Тогда новые собственники поняли, что их час еще не настал. Нет, сокрушить революционное правительство, правительство, созданное народом и опирающееся на народ, не так-то просто! Прежде чем получишь головы Робеспьера и Сен-Жюста, потеряешь свои! И смущенные, перетрусившие «хозяева страны» на время замолкли и стихли. Казалось, они успокоились и примирились с новым порядком вещей. Казалось, они искренне аплодируют Робеспьеру и поддерживают все его предложения. Но так только казалось.
В середине жерминаля был завершен разгром дантонистов, а уже в первые дни флореаля начал складываться новый заговор. Он развивался в глубокой тайне. Его зачинатели действовали еще хитрее и тоньше, чем их предшественник — покойный Дантон. Прежде чем Неподкупный догадался о их планах, они успели зайти далеко. Но кто же были они?
На главную роль среди заговорщиков претендовал бессовестный лицемер, хищный вымогатель и сластолюбец Тальен. Сын метрдотеля маркиза Берси, он начал свою карьеру учеником нотариуса, затем работал в типографии. Склонный к театральному жесту, Тальен щеголял революционными фразами, которые проложили ему дорогу в Якобинский клуб и Конвент. Но полностью раскрыть свою «богатую натуру» Тальен смог после того, как был назначен посланцем Конвента в Бордо. Здесь, продолжая маскироваться левыми жестом и фразой, он начал широко использовать террор в целях сведения личных счетов и собственного обогащения. Пленившись дочерью испанского банкира, красавицей Терезой Кабаррюс, Тальен женился на ней и через нее связался с бордоскими негоциантами — целым рядом темных дельцов, — совместно с которыми он проводил планомерное ограбление города. Под видом реквизиций этот лихоимец захватывал в голодающем Бордо не только запасы продовольствия и тонкие вина, которыми в изобилии услаждал своих друзей, но также драгоценности, золото и серебро, конфискованные у «бывших». Вместе с окружавшими его хищниками он сумел присвоить огромную сумму общественных денег в один миллион триста двадцать пять тысяч франков.
Действуя подобными методами, Тальен в сравнительно короткий срок оказался в состоянии сколотить богатства, позволившие ему впоследствии приобрести обширные поместья в Нормандии, дававшие до пятнадцати тысяч ливров годового дохода. Вполне понятно, что этот спекулянт и делец, безумно жаждавший власти, глубоко ненавидел и страшно боялся обличавшего его Робеспьера. Боялся и скрывал свой ужас под маской лжи и лести.
Достойным приятелем и помощником Тальена был Фрерон, однокашник Робеспьера по коллежу Людовика Великого, некогда друживший с Камиллом Демуленом. Посланный в Марсель, этот вымогатель и лихоимец установил там вместе со своим коллегой Баррасом столь жестокий террор, что, казалось, мог соперничать с Колло д’Эрбуа или Карье.

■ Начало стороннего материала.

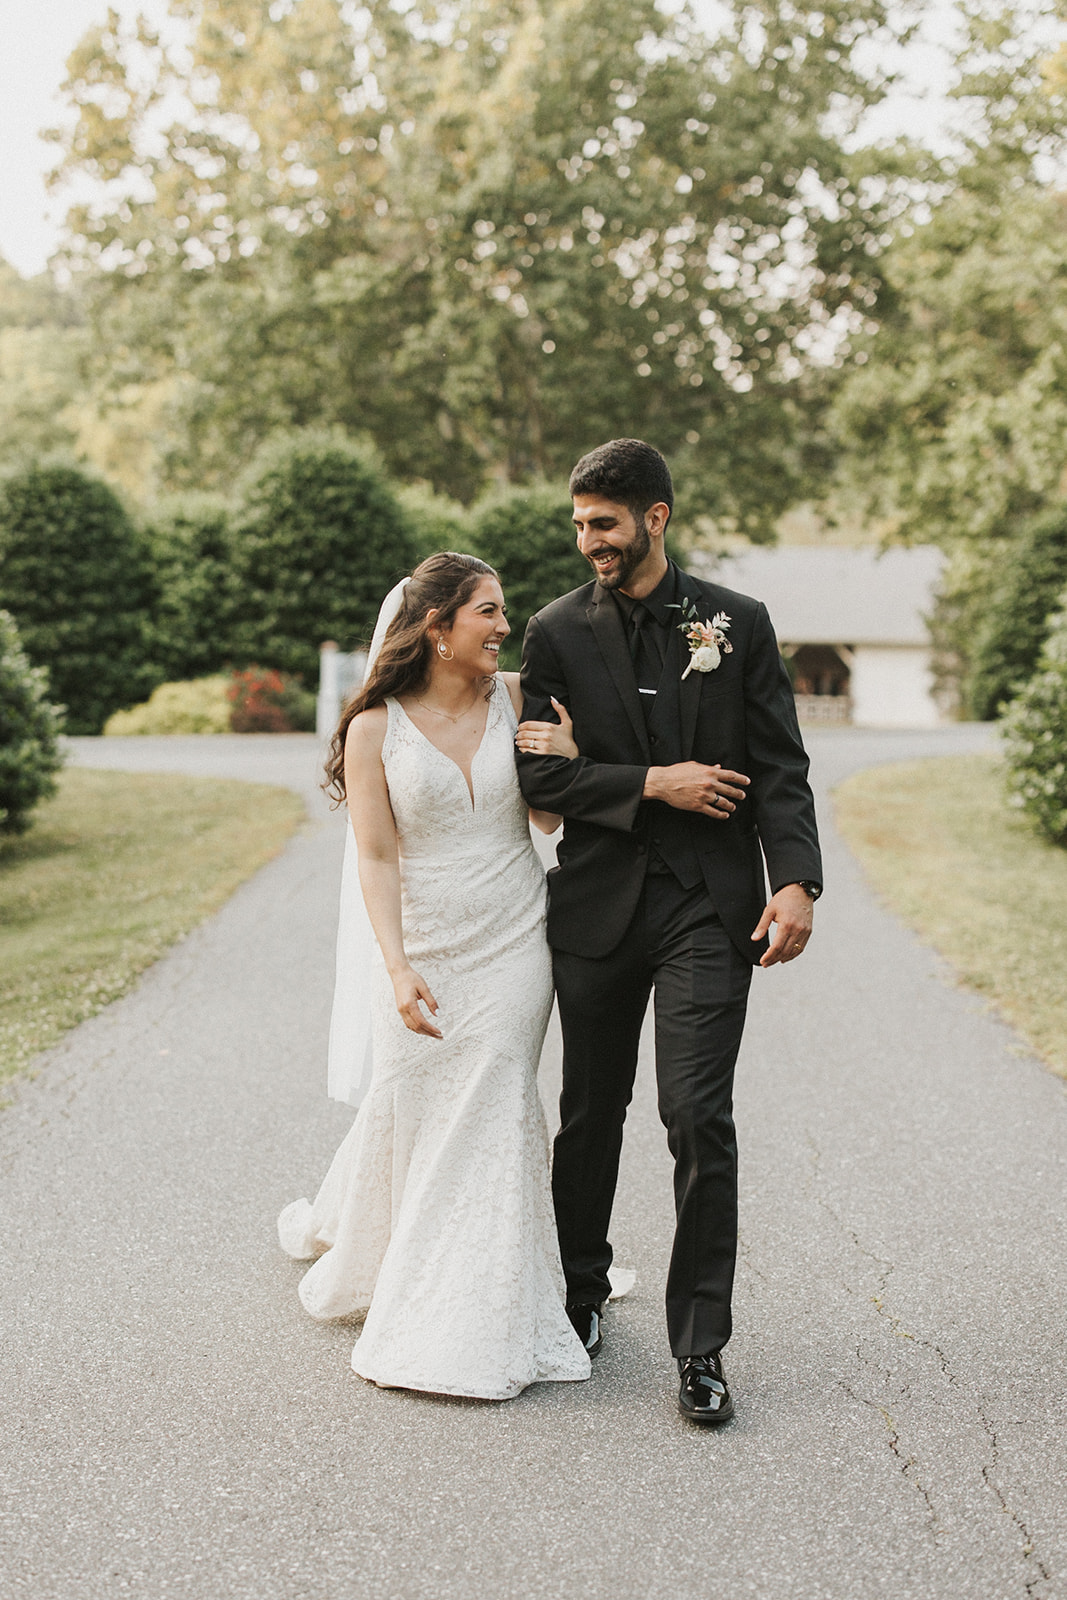 A romantic, classical Southern wedding at the Vesuvius Vineyards in Iron Station, NC

Этот террор проводился исключительно в целях личного обогащения. При этом марсельские «охранители порядка», точно так же как и Тальен, не чуждались взяток и прямого воровства.
Когда Фрерону и Баррасу после их отозвания из Марселя было предложено внести в государственное казначейство подотчетные восемьсот тысяч франков, мошенники вместо этого подали докладную записку о том, как… их экипаж опрокинулся в канаву (!!). Нет ничего удивительного, что подобные деятели боялись и ненавидели революционное правительство в целом, а всего более боялись и ненавидели того человека, который, являясь фактическим главой правительства, именовался Неподкупным.

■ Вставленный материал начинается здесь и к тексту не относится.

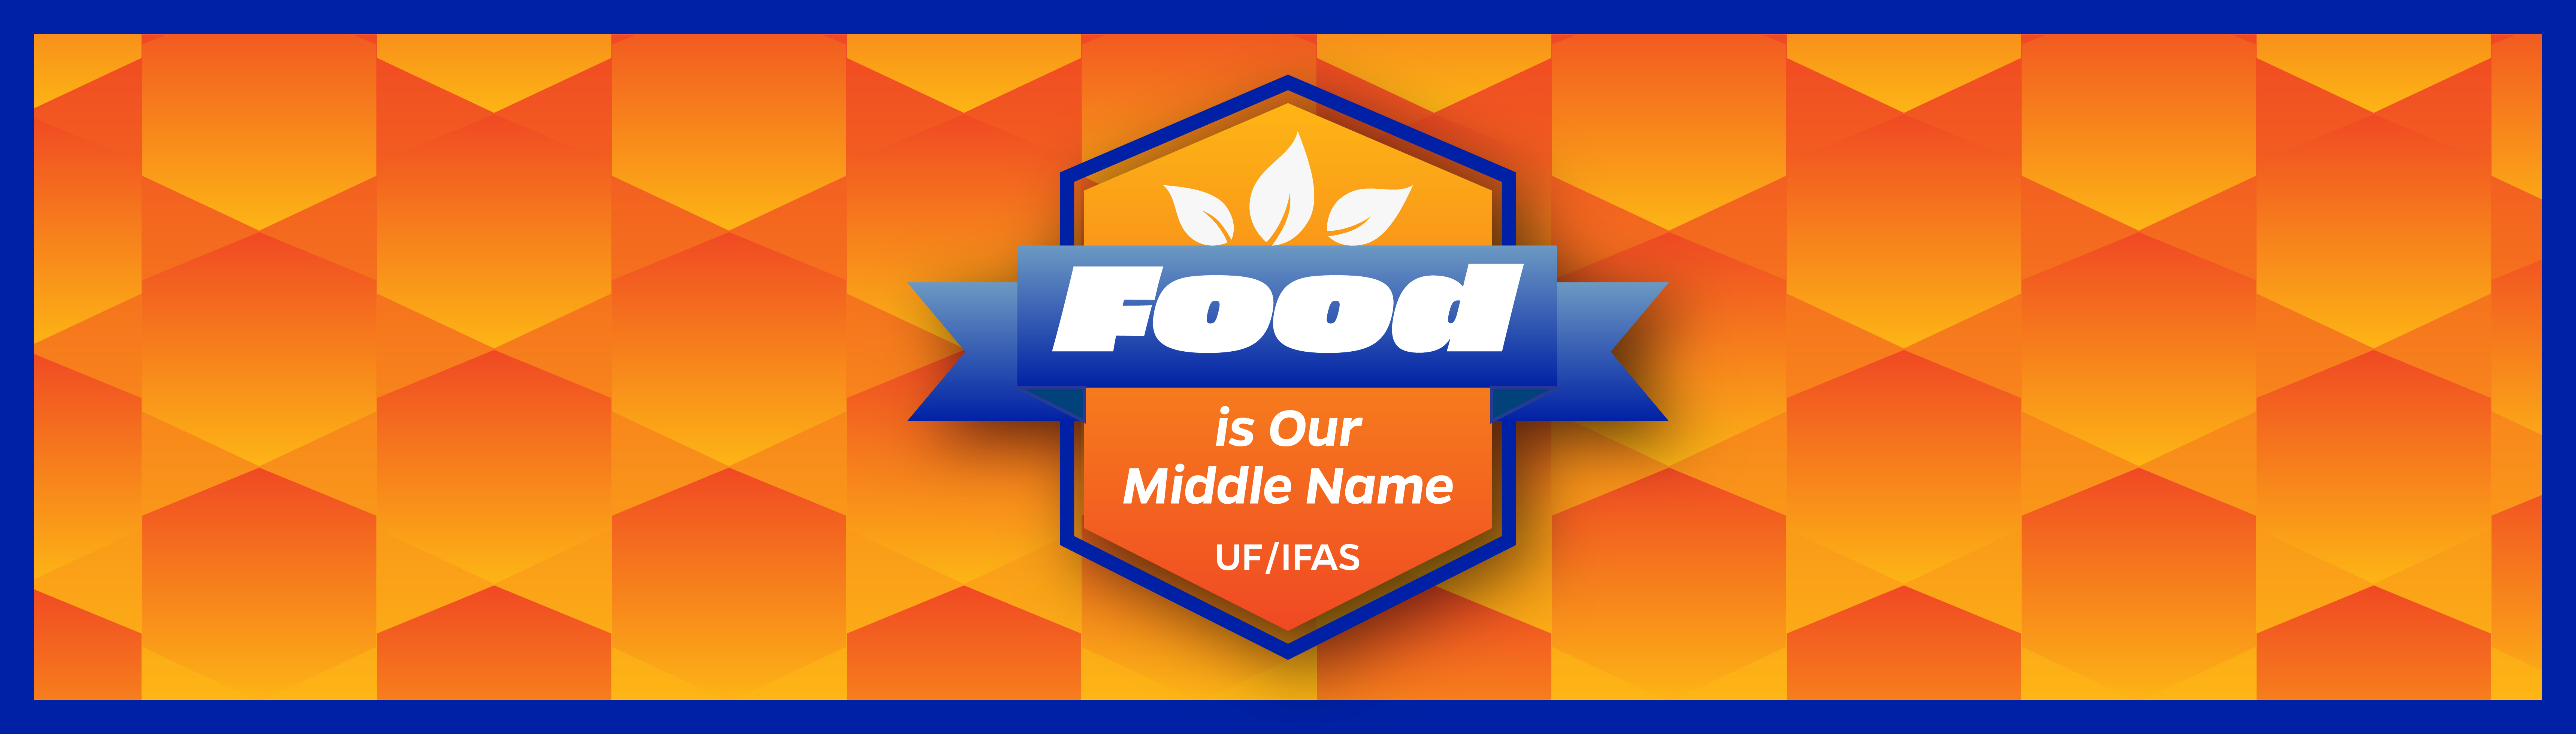 UF/IFAS - Food Is Our Middle Name Banner Graphic

Ближайшее окружение Тальена, Фрерона и Барраса составляли такие же дельцы, подобные же двуликие политики. Это были грубый Бурдон (из Уазы), беспощадный и предприимчивый Мерлен (из Тионвиля), коварный Лежандр, крупный спекулянт бывший маркиз Ровер, вероломный Лекуантр и другие. Характерной чертой большинства этих деятелей было умение приспособиться к моменту и максимально использовать его для себя. Так, будучи, по существу, типичными правыми по своим взглядам и целям — это все они блестяще доказали сразу же после термидорианского переворота, — пока что, следуя «моде», они рядились в одежды левых и, восхваляя террор, занимались тем, что всячески дискредитировали этот террор, равно как и весь революционно-демократический режим в целом. Подобная мимикрия в дальнейшем помогла группе Тальена сблизиться с левыми группировками правительства, Конвента и Якобинского клуба.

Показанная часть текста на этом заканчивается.